Secondly, and this might just be a very strange coincidence, is that some of the winners were also featured on UP's website. In the INTERVIEW tab of the UP website I started seeing some of the winners/jurrors picks. Argus Paul Estabrook, Maude Bardet, and Reuben Radding just to list a few. These interview were posted BEFORE the completion, and serve as a direct link to the the judges.

The truth of entering these competitions is you're never going to win. Obviously the judges had people in mind before the competition was release. For Matt Stuart, who I love as a photographer mind you, to clearly pick someone who not only brings more publicity and notoriety to his organization is completely unacceptable, and shameful to the street photography community.

Shame on you Lensculture for allowing such blatant incestuous behavior. Lensculture is clearly a PAY-TO-PLAY. This is a clear example of how photographer's that are already recognized in the community continue to boost their friends. It's not about finding new talent. Don't fall for the scam.

21 August 2022
Unprompted review
Rated 1 out of 5 stars

They seem to just want your money

This website is proactive in asking people to submit their photos into various Photo Competitions which are all presented in fairly broad categories designed to capture as many pictures from as many people around the world as possible. You're allowed to enter one picture free but anymore than that you need to pay for. I'm a professional photographer and took an absolutely incredible picture (if I say so myself) but it got nowhere. I dare say if I'd have paid maybe it would have at least appeared on their gallery of submissions. I can see the lure of this to many people but as the saying goes, a fool and his money are easily parted. Stay well clear of these cowboys.

14 June 2022
Unprompted review
Rated 1 out of 5 stars

Lensculture is a scammy operation

Lensculture is a scammy operation, just trying to get your money. They wrote me saying that I had a “good chance”of being chosen as a winner in their next competition. I asked them how many entries they had, and how many winners. In other words, what were the odds of actually being chosen? No reply. I would guess similar to the lottery - if the choices are not prejudiced by people they know. Their come-ons -“gain worldwide exposure” for only 60 bucks! Avoid these grifters.

26 May 2021
Unprompted review
Rated 1 out of 5 stars

Photographers should avoid Lens Culture

This Dutch-based organisation run by an American guy tries to claim to some heavyweight affiliations — I was sucked in by their mention of Magnum, which they are not — but dealing with them was not good.

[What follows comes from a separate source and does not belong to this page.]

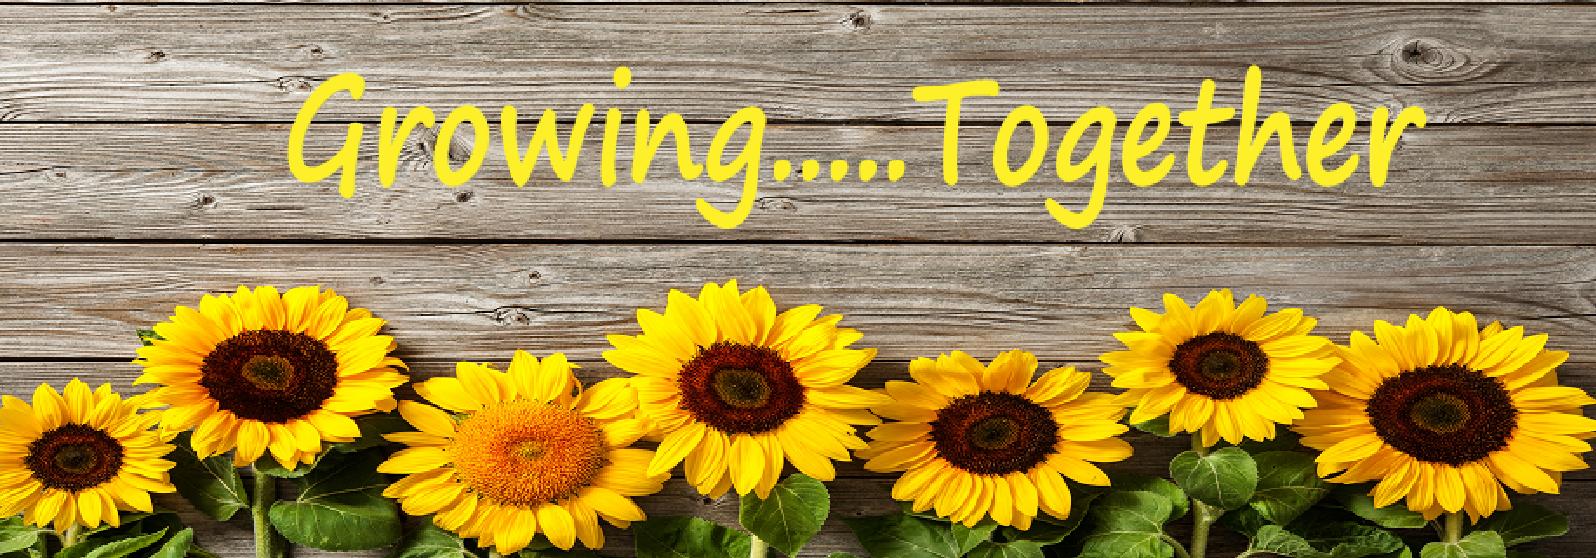 Sunflower image slide

Their so-called "expert" practitioner feedback seemed like it had been cut and pasted; it directly contradicted information I'd provided in the bio, showing they didn't read anything I'd written. I'm not alone in that, it seems, from what I've read elsewhere on the web.

Even worse, they then uploaded all of my images at high resolution without watermarks, easily downloadable from their website or on google image search, despite multiple deletion attempts by me.

I have now had to write them a legal demand to remove the material or face consequences.